WHAT YOU ARE ASKED TO DO:
Images are to be excluded, and the rest of the data repeated exactly.
(INFORMATION SUPPLIED begins)
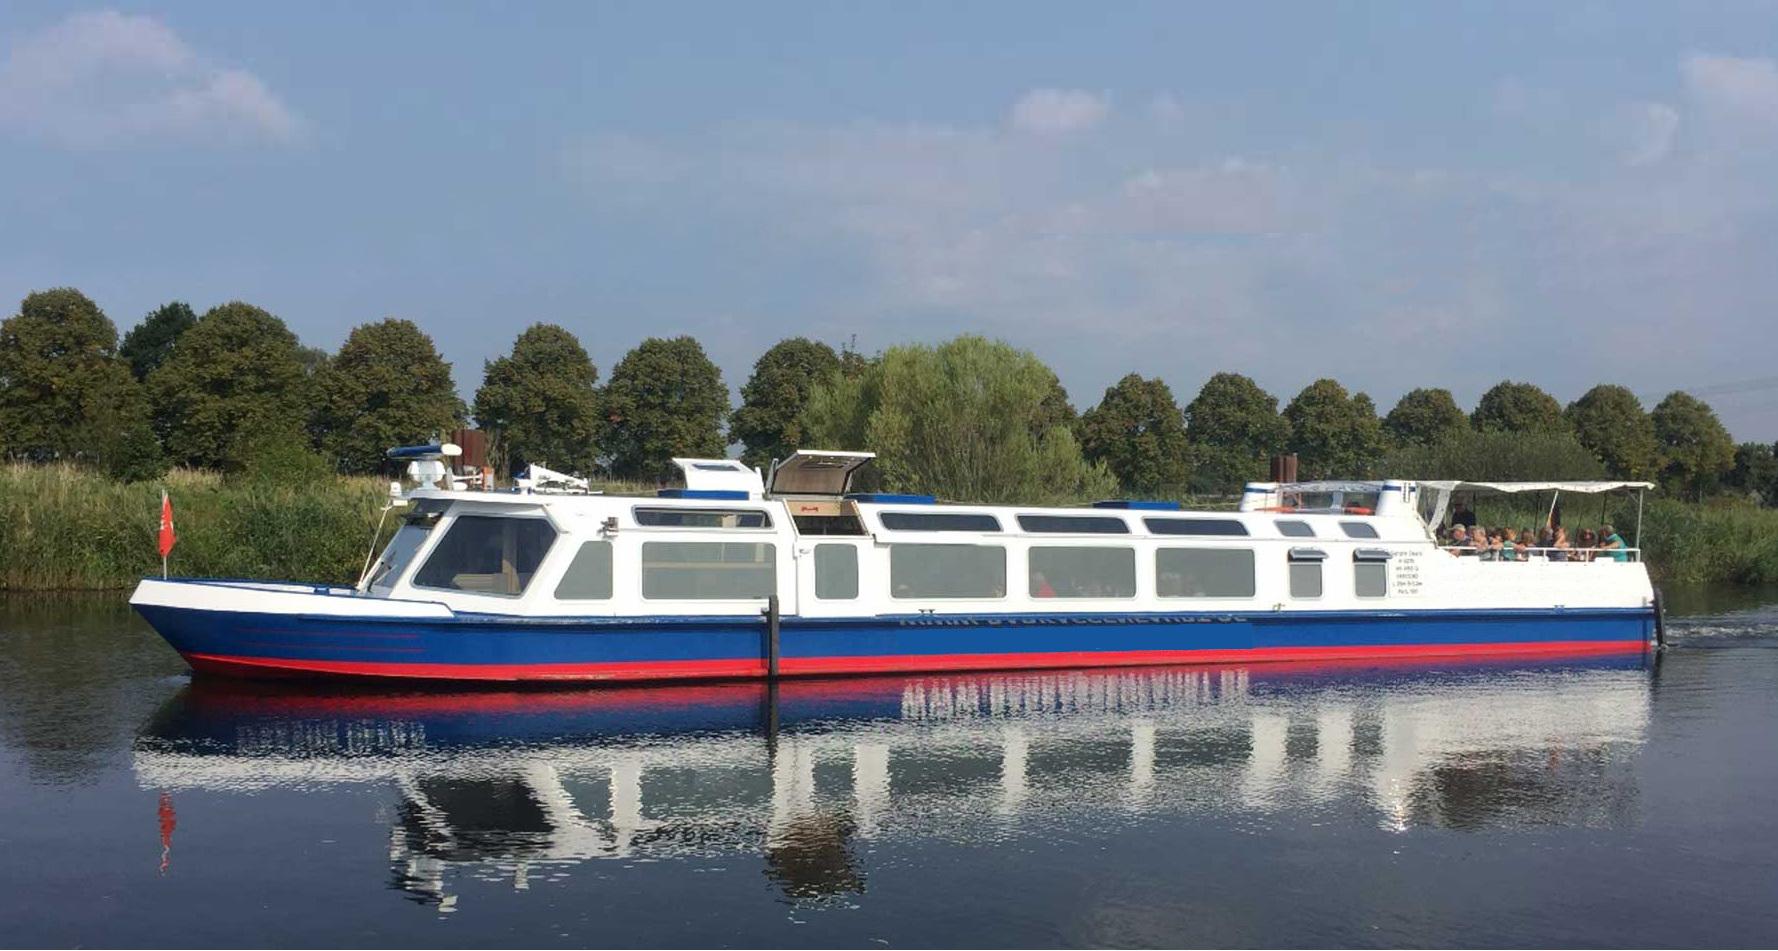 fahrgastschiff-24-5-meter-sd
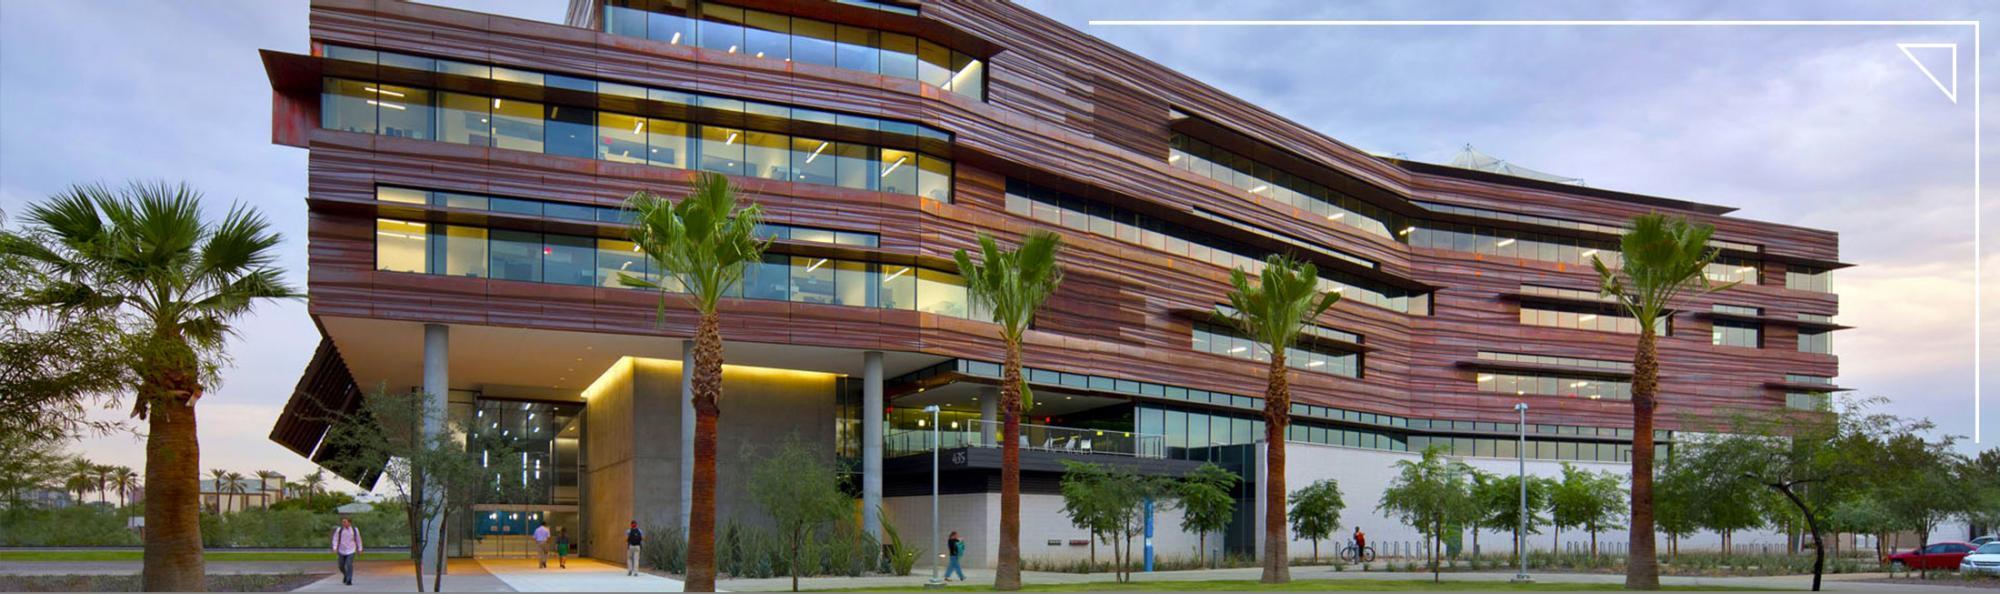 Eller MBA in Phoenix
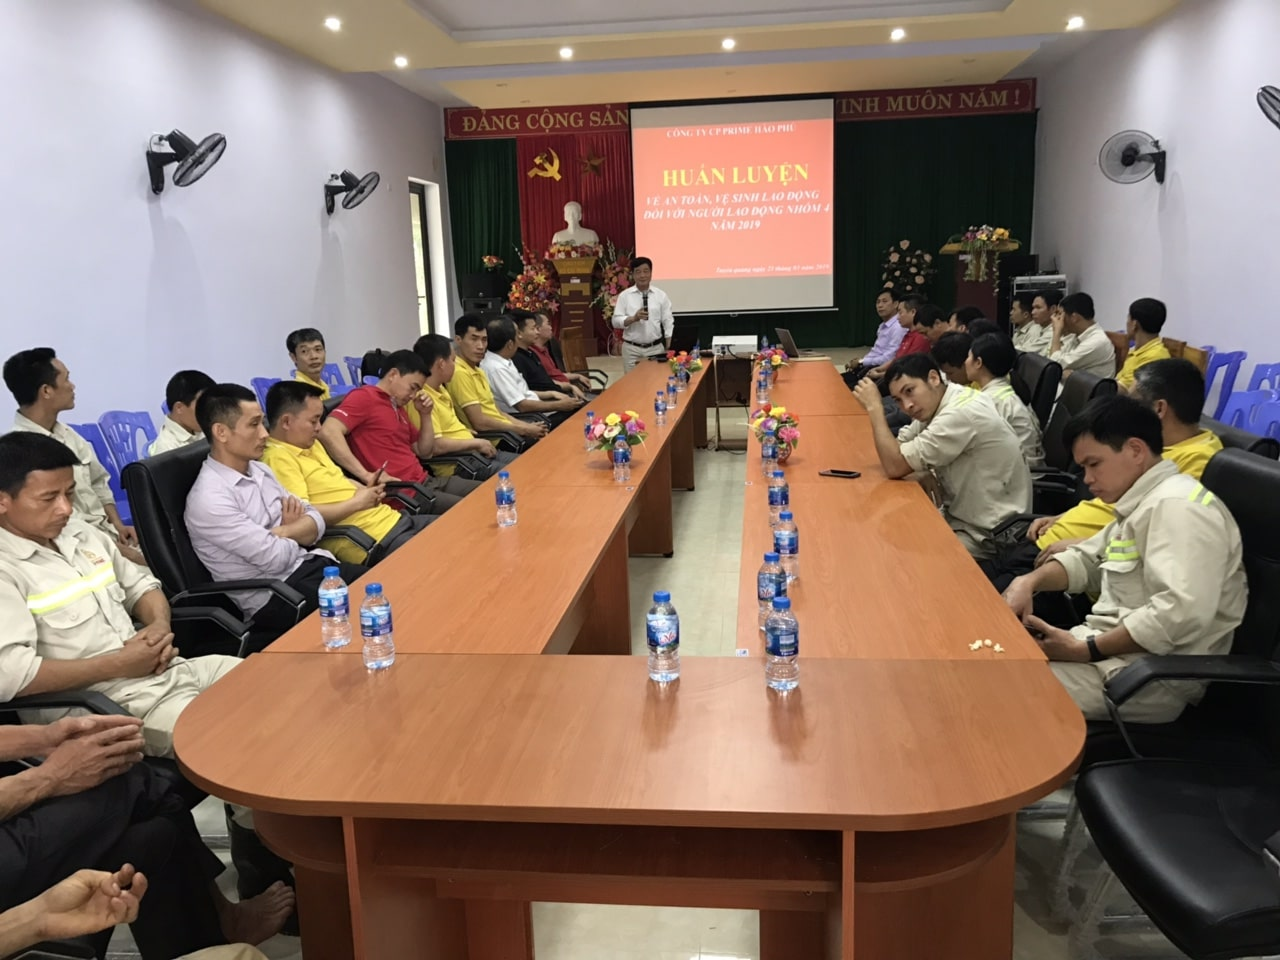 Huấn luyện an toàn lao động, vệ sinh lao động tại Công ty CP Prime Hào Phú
(INFORMATION SUPPLIED ends)
THE ANSWER:
 fahrgastschiff-24-5-meter-sd
 Eller MBA in Phoenix
 Huấn luyện an toàn lao động, vệ sinh lao động tại Công ty CP Prime Hào Phú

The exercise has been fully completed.